Subsequently, Ndashaala took her son to the doctor who gave him additional medication to what he was already getting. Shortly after this, the mother said, her son could not feed himself any longer. She stated Haimbodi also could not swallow food, water or medicine. He was regurgitating whatever he took in and as a result he was admitted in hospital. After his release from hospital over two weeks ago, Ndashaala has been finding it difficult to care for Haimbodi who needs a nutritional supplement, Ensure, as prescribed by the nurses and she also needs to buy him adult diapers. Haimbodi and his twin brothers each receive a N$250 social grant from the government. But for Haimbodi alone, his mother, per month must at least spend N$520 on four tins of 400g of Ensure. 

“I asked the nurses to provide me with Ensure when Haimbodi was released from hospital but they told me they don’t give out any. I don’t have money to buy Ensure. I first gave him Oshitaka but it was too thick to pass through the feeding tube. I give him Oshikandela diluted with water. But my concern is after giving him Oshikandela he has not relieved himself,” noted the mother. 

Haimbodi’s teacher Simon Mungungu said his learner was referred to the school by the education ministry while in grade 8.  Regarding this year, the teacher said Haimbodi stopped talking and would just stare.  Mungungu stated it was unlike Haimbodi who would usually tell him about his siblings.
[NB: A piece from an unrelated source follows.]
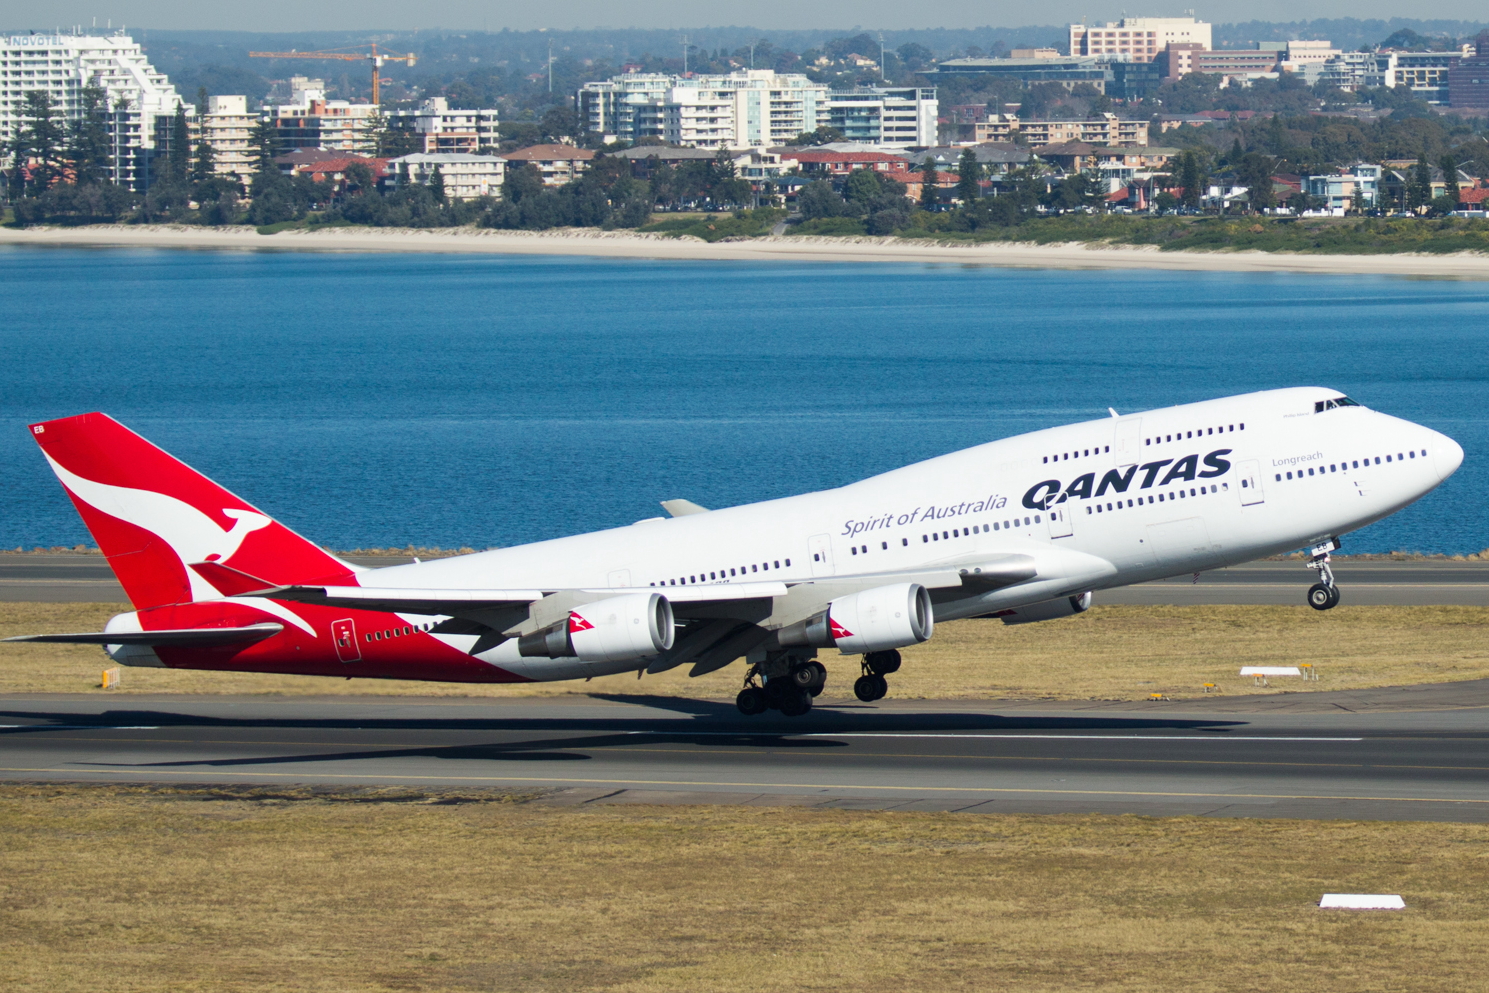 Qantas has retired its fleet of Boeing 747 jumbo jets. The final 747-400 in the fleet (registration VH-OEJ) departed Sydney on Wednesday as flight number QF7474, bringing to an end five decades of history-making moments for the national carrier and aviation in Australia. Click to enlarge.

Mungungu added Haimbodi also experienced a lot of seizures.  In addition, Mungungu said that Haimbodi also got tired fast after writing just a few words compared to writing a paragraph when he started school.  He would take about two days to write a page and thus relied on fellow learners to write his summaries, the teacher said.  

He added that the school with the assistance of the Life Skills teacher tried to get him a suitable school but it was not successful. In the meantime, the director of Side by Side Early Intervention Centre, Huipie van Wyk, responded to Haimbodi’s plight and donated tins of Ensure, and diapers. She also drew up a schedule for the mother when to give him his supplement and medication.